Patients will be excluded if any of the following conditions are present:

• •History of malignant disease (except for non-melanoma skin tumors and/or in situ cervical cancer) in the preceding five years;
• •Brain metastases;
• •Autoimmune or allergic disorders; patients with diabetes type I, vitiligo, psoriasis, or hypo- or hyperthyroid diseases not requiring immunosuppressive treatment are eligible.
• •Prior treatment with inhibitors of the PD-1–PD-L1 axis or inhibitors of CTLA-4 (immune checkpoint inhibitors);
• •Previous HBV or HCV infections;
• •Current use of immunosuppressive medication;
• •Radiotherapy within 6 weeks before enrolment;
• •Clinically significant (i.e., active) cardiovascular disease.

Study objectives

The primary endpoint of the phase Ib trial is the absence of unacceptable toxicity. Assessment of the safety profile of the association of avelumab and metronomic cyclophosphamide (mCTX) will be graded using the common toxicity criteria and adverse events (NCI CTC-AE v 4.0).

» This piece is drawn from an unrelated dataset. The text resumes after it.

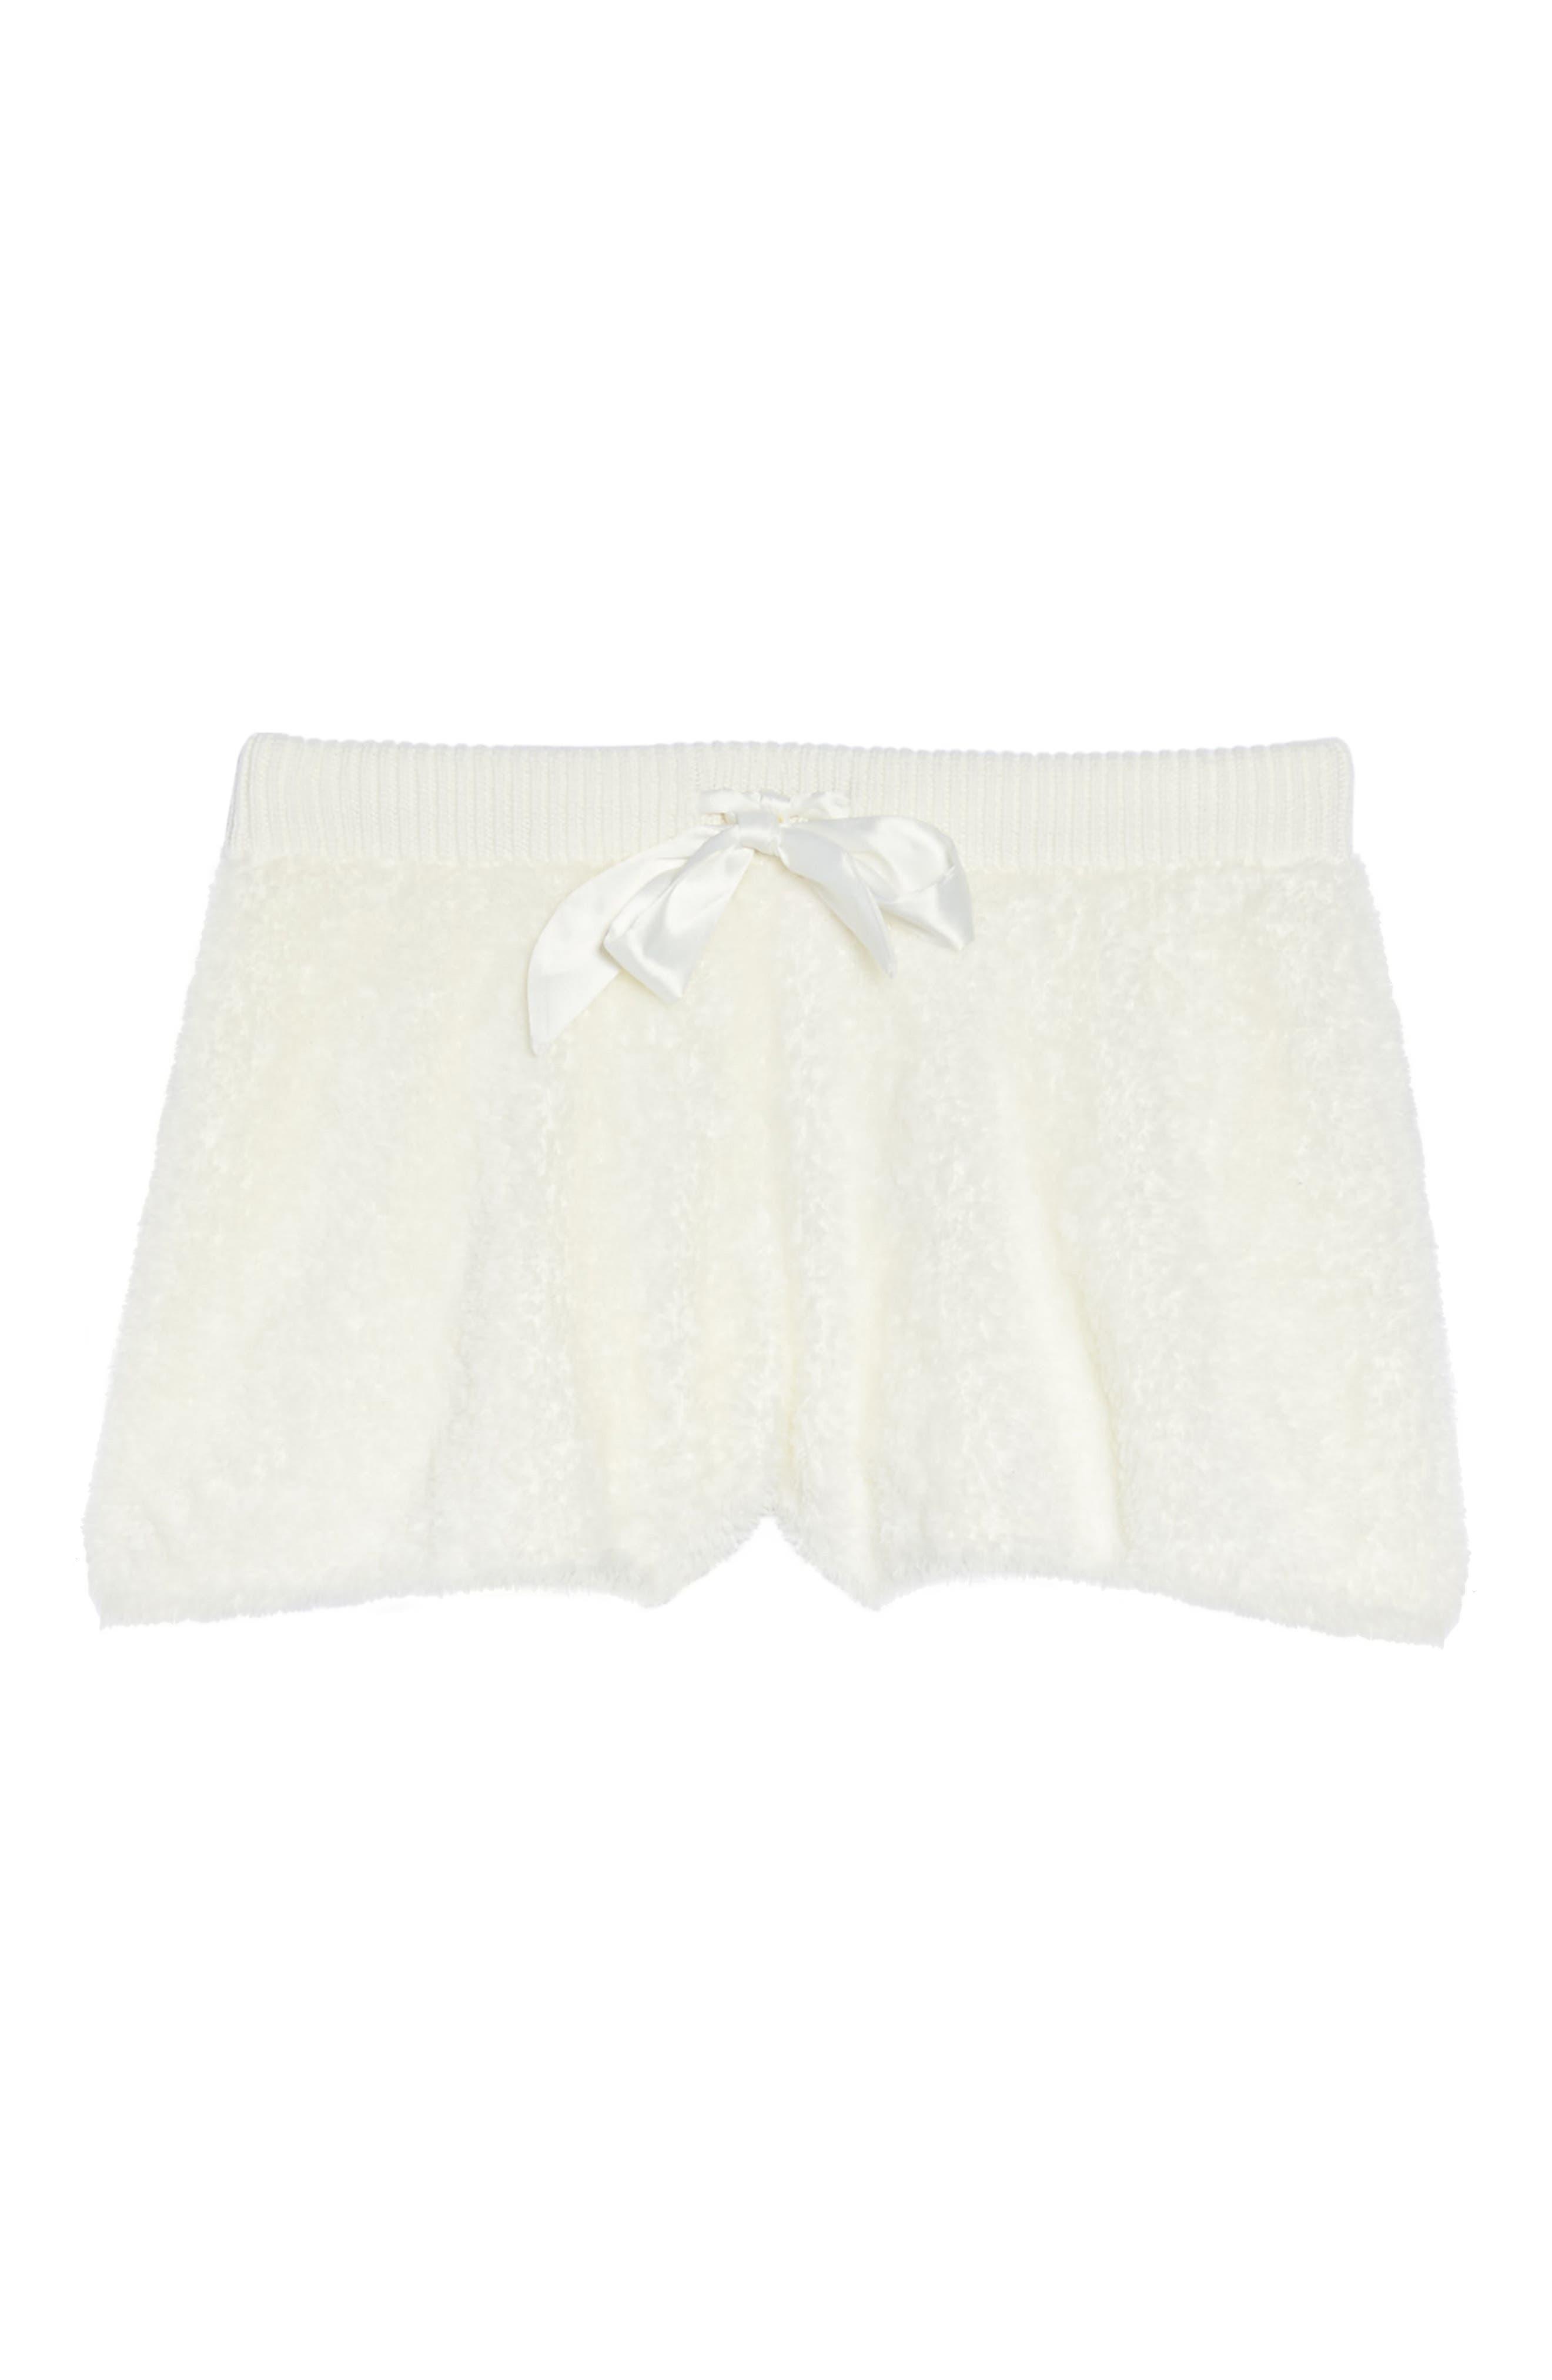 Fuzzy Lounge Shorts,                             Alternate thumbnail 32, color,

The primary activity endpoint (phase II) is the achievement of an objective response. Objective response is the sum of the complete responses and the partial responses defined as per RECIST evaluation criteria v1.1 (RECIST 1.1). The rates of objective responses will be reported.

The secondary endpoints are: assessment of the safety profile of the association of avelumab and mCTX; progression-free survival (PFS), defined as the time from study treatment initiation to the first occurrence of disease progression or death for any cause, whichever occurs first; OS, defined as the time from treatment initiation to death for any cause; QoL will be assessed using EORTC QLQ-30 and EORTC QLQ–H&N35.

The exploratory objectives of the study are the effects of the immunological treatment (RT + avelumab + cyclophosphamide) on both cell and humoral homeostasis developed by the tumor, and to identify variations among the major circulating immunological factors during the study and the impact of observed changes (if any) on patient outcomes (Table 1). The expression of PD-1/PD-L1 in tumor tissues will not be investigated due to the difficulty in obtaining repeated biopsies for analyzing the dynamic changes induced by the treatment itself.

Table 1.

Translational research overview.

Evaluation of the main circulating T cells, MDSC and of circulating dendritic cells (DCs)	Evaluation of cell subpopulations-specific interleukins	Evaluation of the major cytokines (as VEGF, TGF-beta, TNF-alpha, IFN-γ and IDO)	Evaluation of the main tumor associated antigens (TAA) inducible by ICD (as HSP70, HSP90, HMGB1, EpCAM)
Baseline	Baseline	Baseline	Baseline
1 day after RT	1 day after RT	1 day after RT	1 day after RT
At beginning of cycle 2	At beginning of cycle 2	At beginning of cycle 2
At disease progression	At disease progression	At disease progression

Abbreviations: MDSC = myeloid-derived suppressor cell, DCs = dendritic cells, VEGF = vascular endothelial growth factor, TGF-beta = transforming growth factor-beta, TNF-alpha = tumor necrosis factor-alpha, IFN-γ = interferon-gamma, IDO = indoleamine 2,3-DiOxygenase, ICD = immunogenic cell death, HSP70 = heat shock protein 70, HSP90 = heat shock protein 90, HMGB1 = high-mobility group box 1, EpCAM = epithelial cell adhesion molecule.

Statistical analysis

The objective response rate can be recognized as the activity endpoint for the second-line treatment of relapsed/metastatic HNC.

The historical response rate with chemotherapy or target therapy is 6–10% and the proportion of non-responders to immunotherapy is still 80–85%.

We hypothesize a 40% response rate as the level to justify further investigations of the proposed experimental approach.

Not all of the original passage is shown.